# Records from a data collection

□ □ □ □ □ □ □

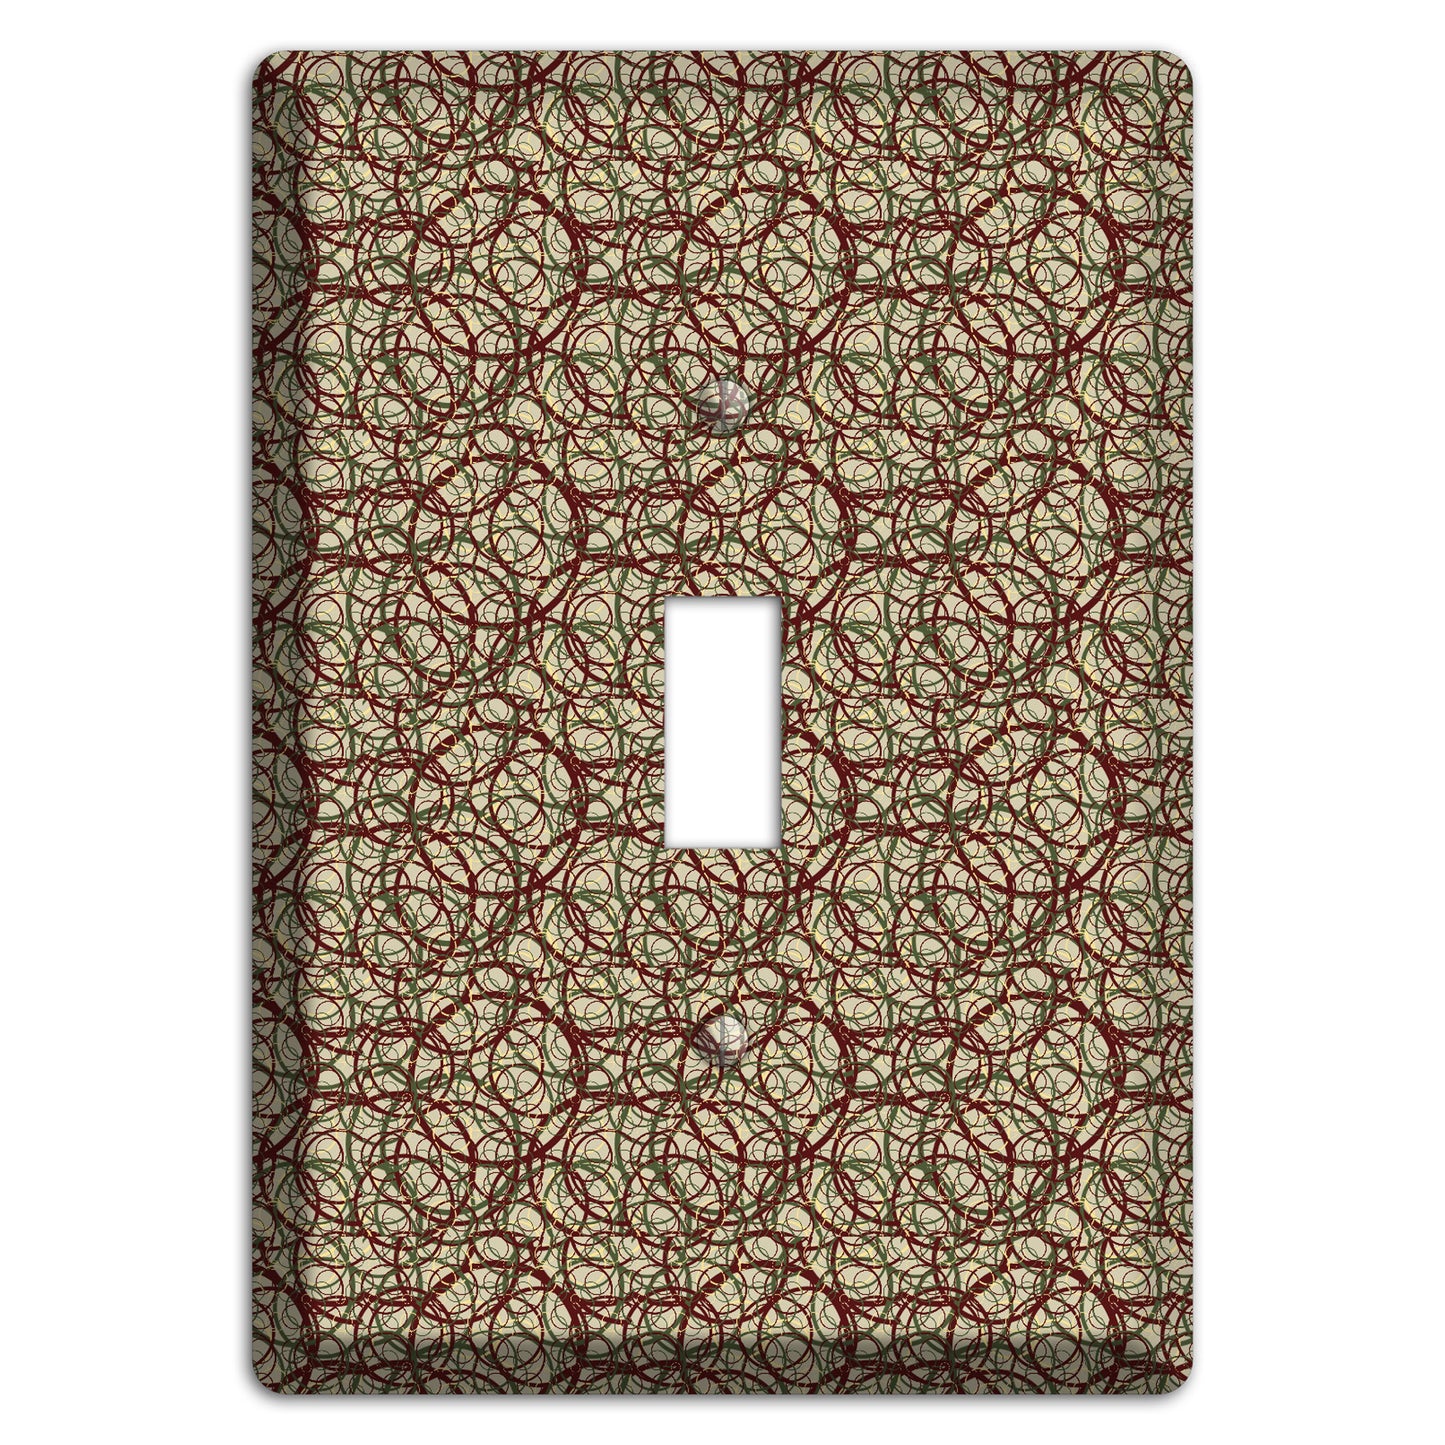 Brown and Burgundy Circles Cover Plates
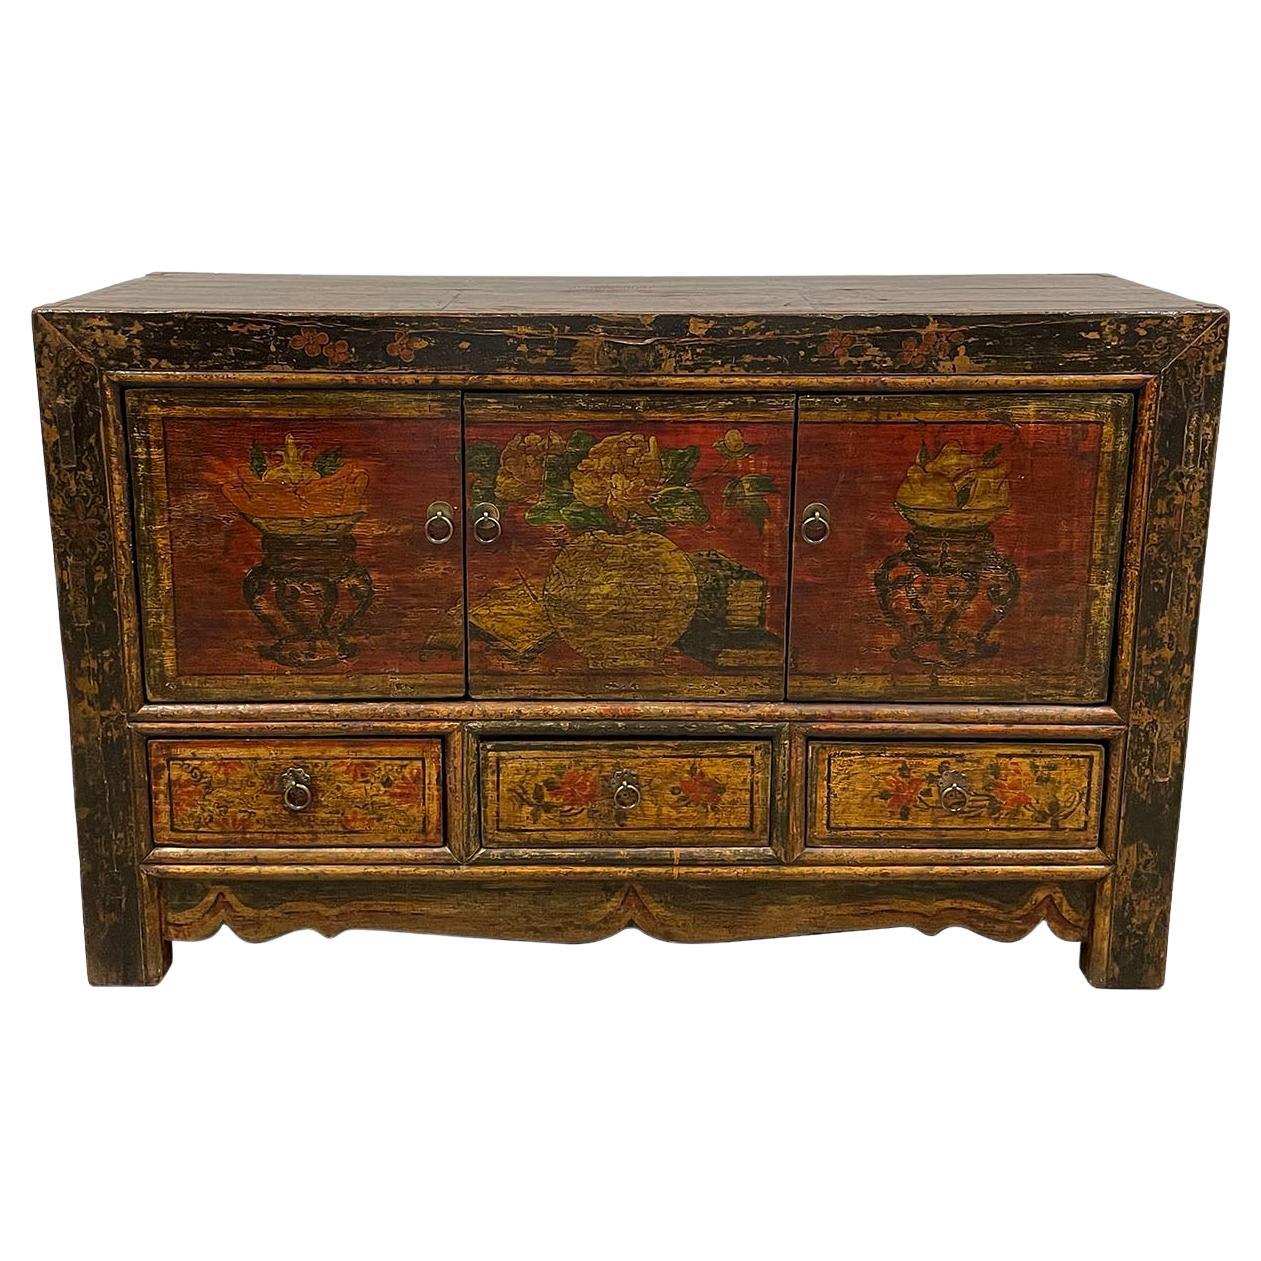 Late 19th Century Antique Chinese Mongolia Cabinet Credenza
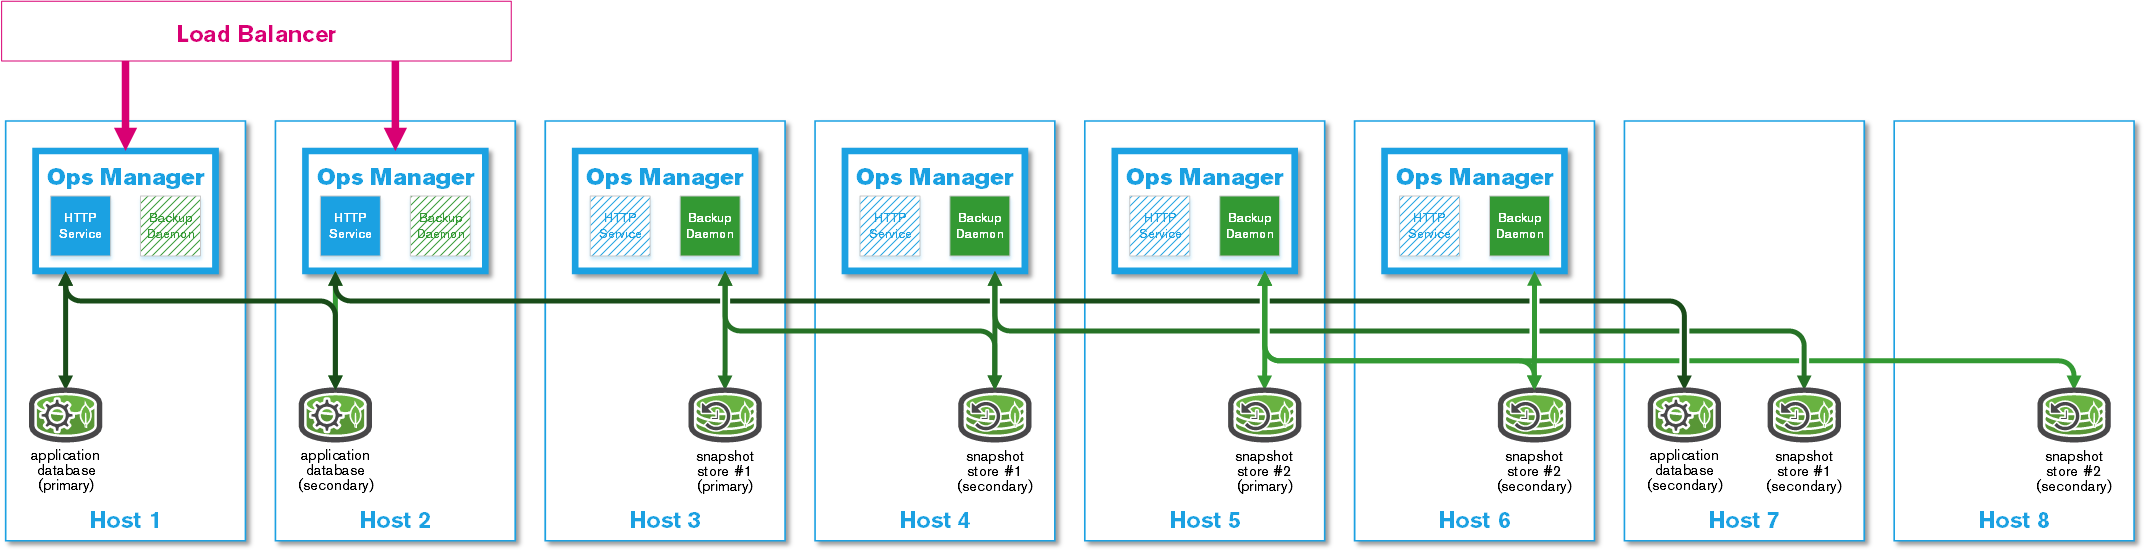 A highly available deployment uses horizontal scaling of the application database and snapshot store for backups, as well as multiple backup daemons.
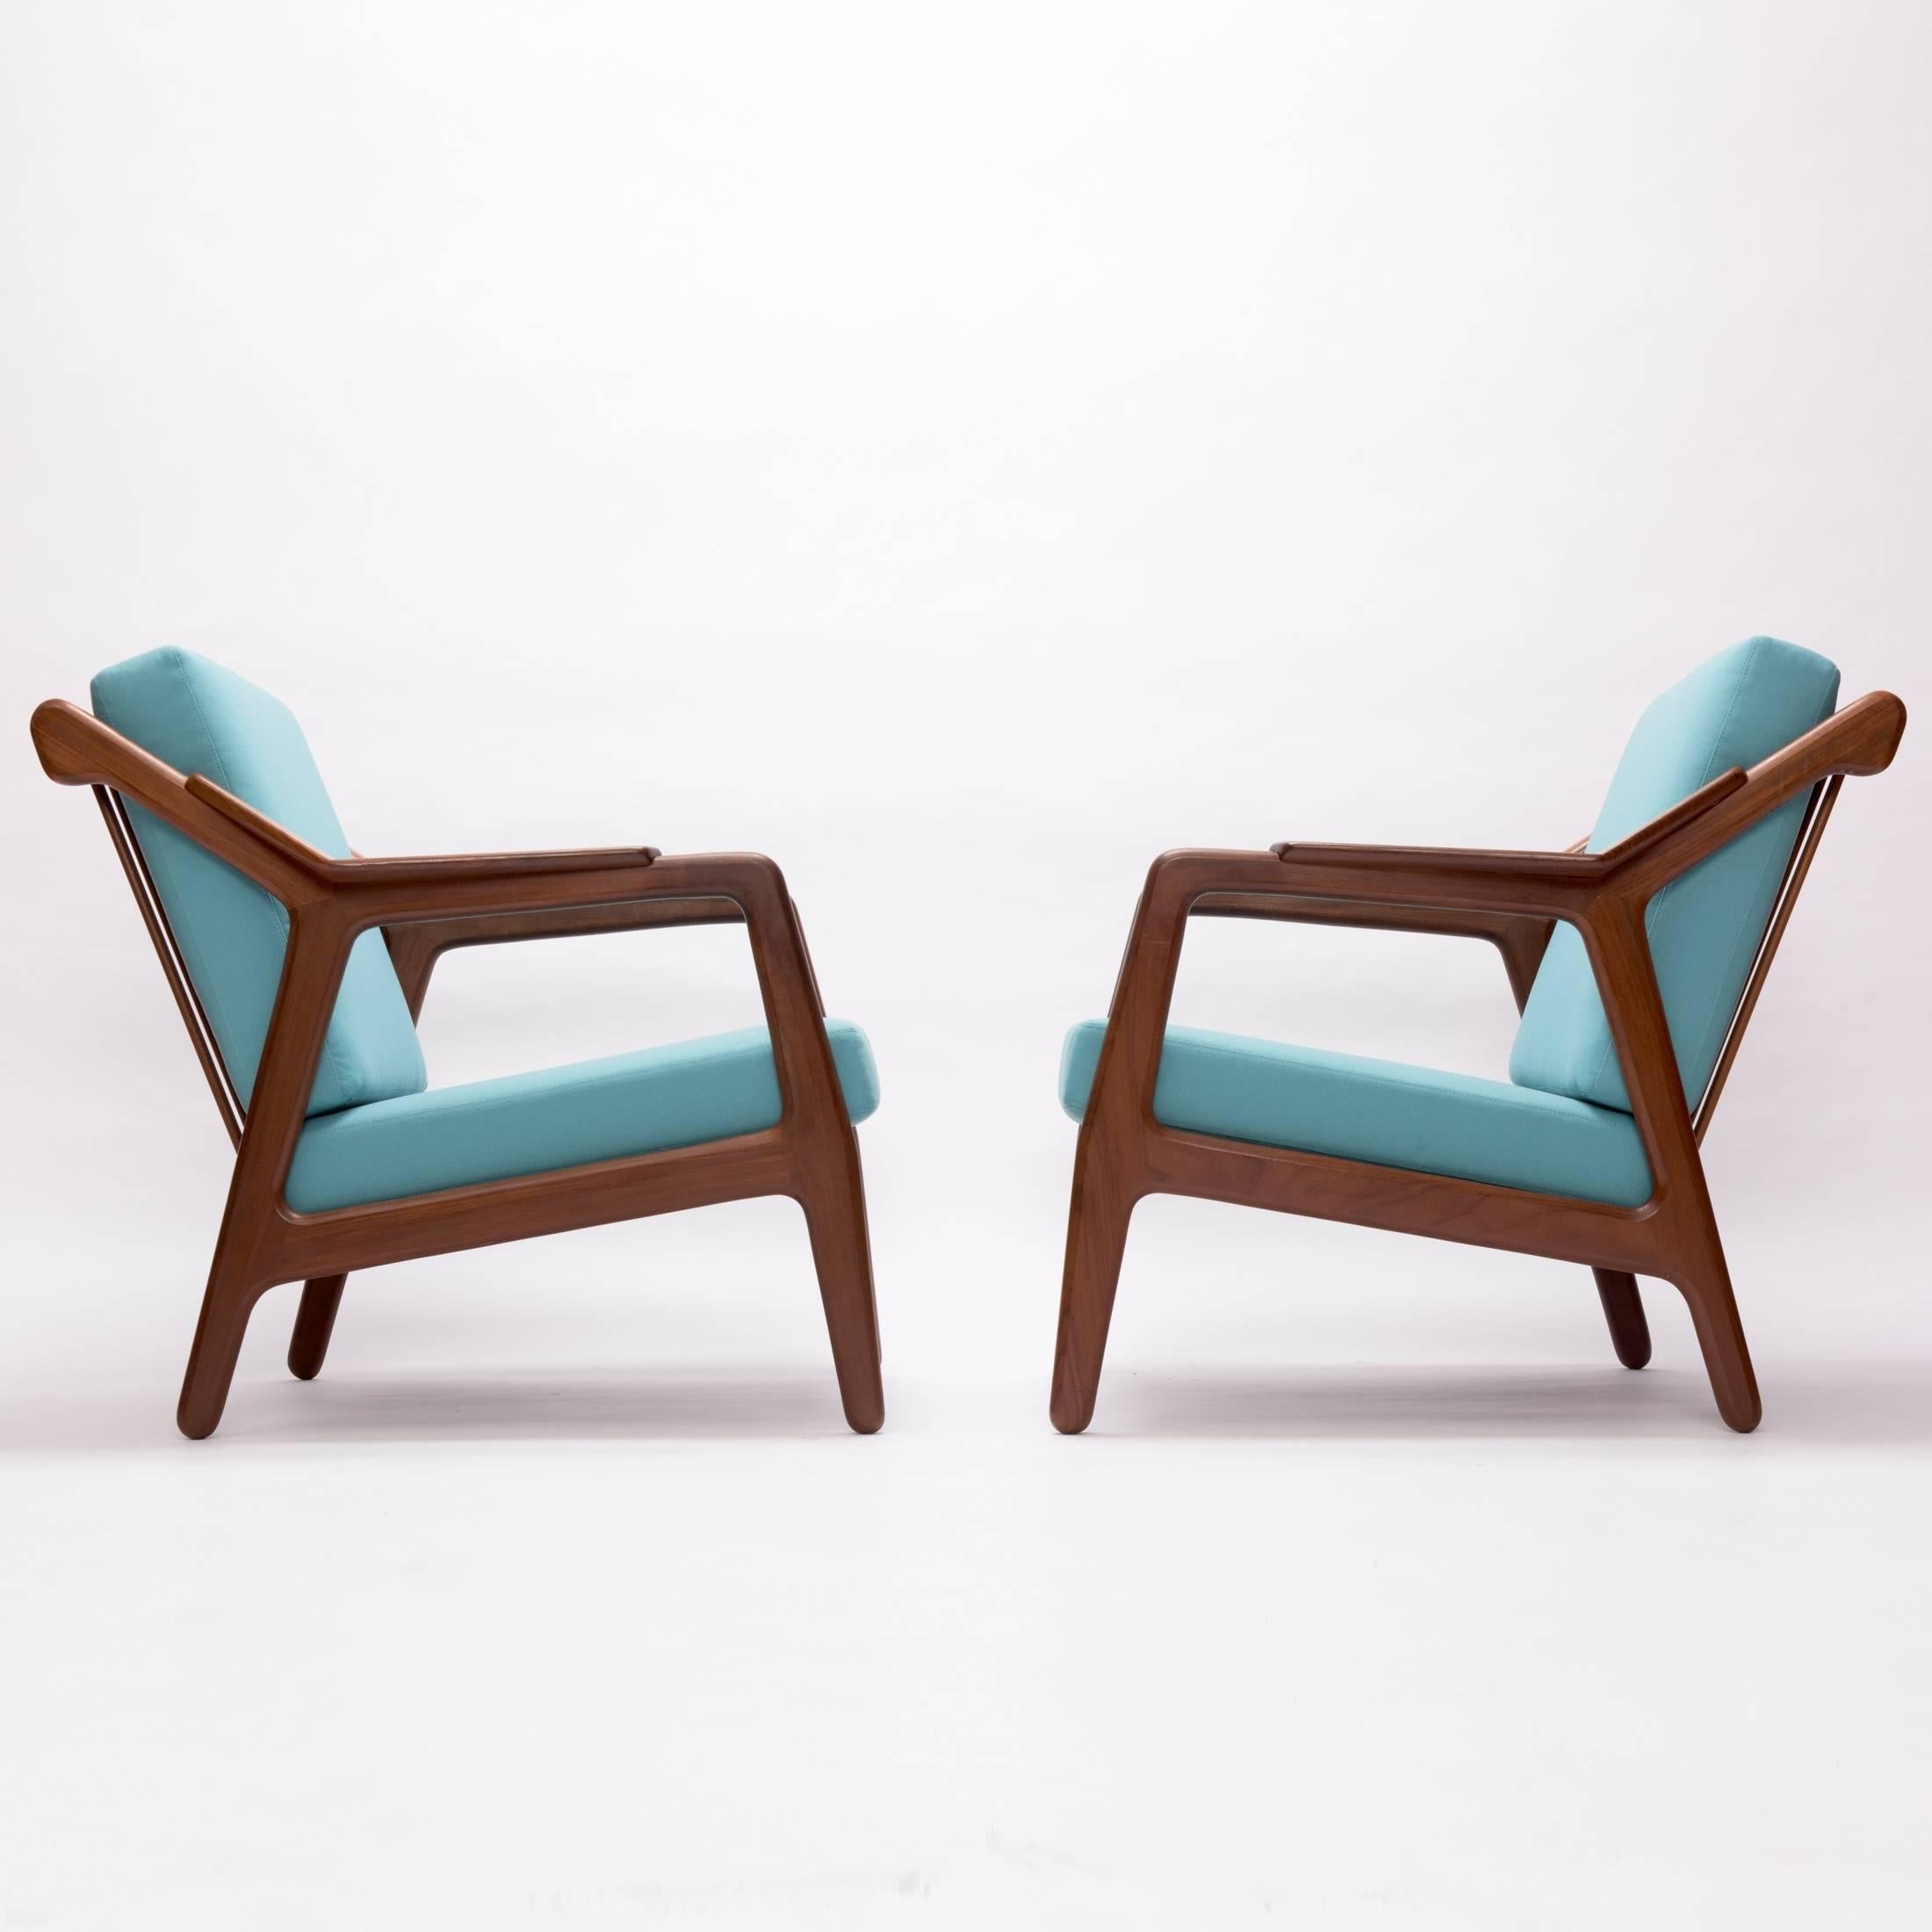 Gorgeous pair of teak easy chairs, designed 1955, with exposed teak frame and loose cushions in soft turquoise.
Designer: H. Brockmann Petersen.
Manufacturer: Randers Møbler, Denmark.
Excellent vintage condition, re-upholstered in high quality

□ □ □ □ □ □ □

# TASK REQUIREMENTS
Could you output the lines above, exactly as written, from the one containing "Manufacturer: Randers Møbler, Denmark." through the last, with both ends included and no others?

# RESULT OF THIS EXERCISE
Manufacturer: Randers Møbler, Denmark.
Excellent vintage condition, re-upholstered in high quality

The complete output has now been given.